Most mornings John Fowles wakes in his 18th-century stone house in Lyme Regis on the southwest coast of England and resumes writing his curiously old-fashioned novels. He is free of city sounds. The sea is a quarter mile down the road. A bizarre garden runs around the house. "It's the enormous privilege of not living in the city that I enjoy," he says. "I need the isolation."
So when Fowles, in his reluctant stab at playing the artist-as-salesman, comes to New York to push his new novel "A Maggot," his role as isolato is not easily yielded. There is not one, but a passel of "Do Not Disturb" signs on his hotel doorknob. One must knock about 14 times before Fowles comes to the door. He has the look of an exhausted vacationer, what in England is called a "holiday maker," as in "Forty holiday makers from Sheepsbreath were stranded today in Ramsgate as . . ." He is 59, has a full beard, lousy teeth and a voice full of plaintive singsong:
"At the moment I'm not working on anything. After you finish, you are intensely depressed. It doesn't much matter whether the reviews are good or not. You feel empty, a field lying fallow, and you must let it stay fallow awhile.
"You love a book when it's being written. You are so close to it. You're the only person who knows it and it's still full of potential. You know you can improve it. Then suddenly there's the dreadful day when you have the printed proof texts. You get a feeling of 'That's it. This is the final thing and I shan't have a chance to change it.' It's a feeling of death, really."
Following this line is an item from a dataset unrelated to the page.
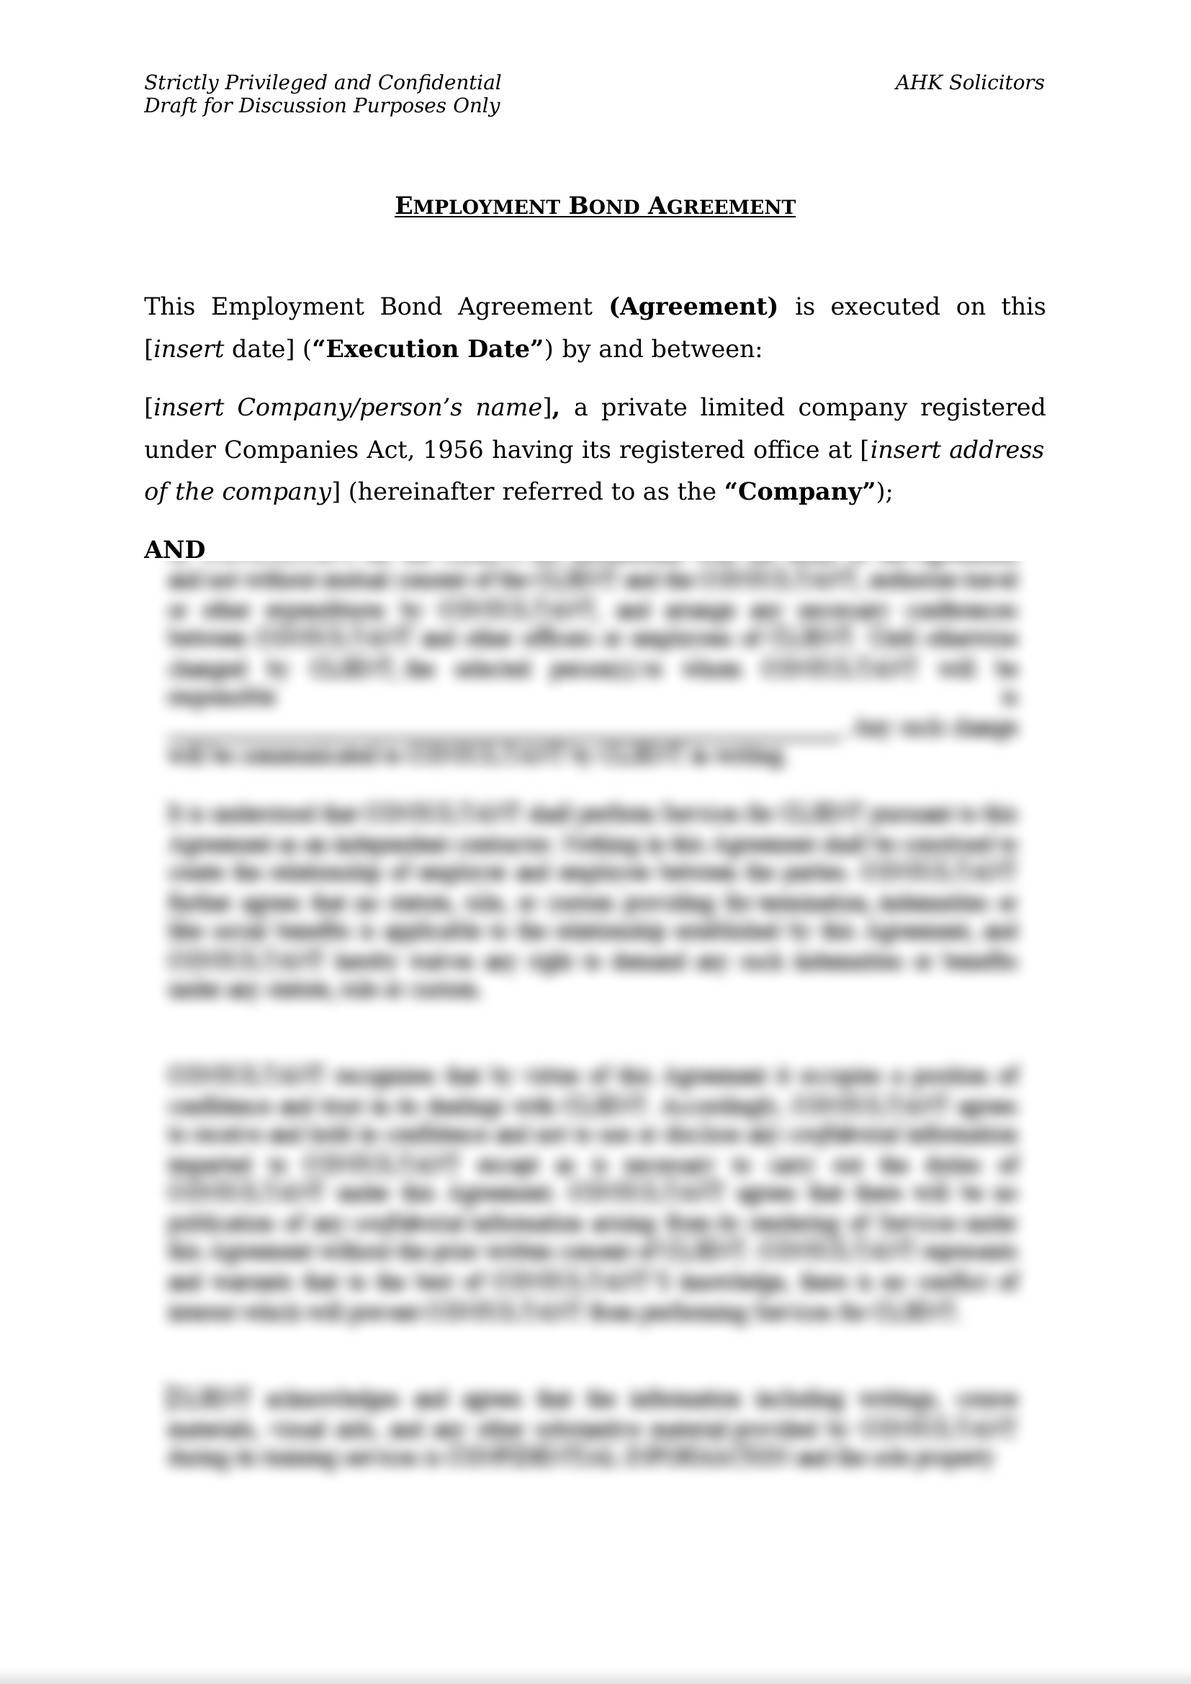 Employment Bond/Employment Bond Agreement-0

To ease Fowles' emptiness after publication, critics and a wide audience have long praised his work, especially "The Collector," "The French Lieutenant's Woman," "The Magus" and "Daniel Martin." There is a wildness about Fowles' work that is rare in most of the recent novelists admired in Oxbridge. Fowles teases, dares his readers. Though his books are middlebrow (perhaps even three-quarter brow), they are challenging, a curious blend of 18th-century play -- the tradition of Daniel Defoe, Samuel Richardson and Laurence Sterne are behind him -- existentialist philosophy and modern voice.
In "The French Lieutenant's Woman," for example, Fowles told a story set in old Lyme Regis, interrupted the tale in the voice of the contemporary, omniscient author and let the reader choose between two fully drawn endings.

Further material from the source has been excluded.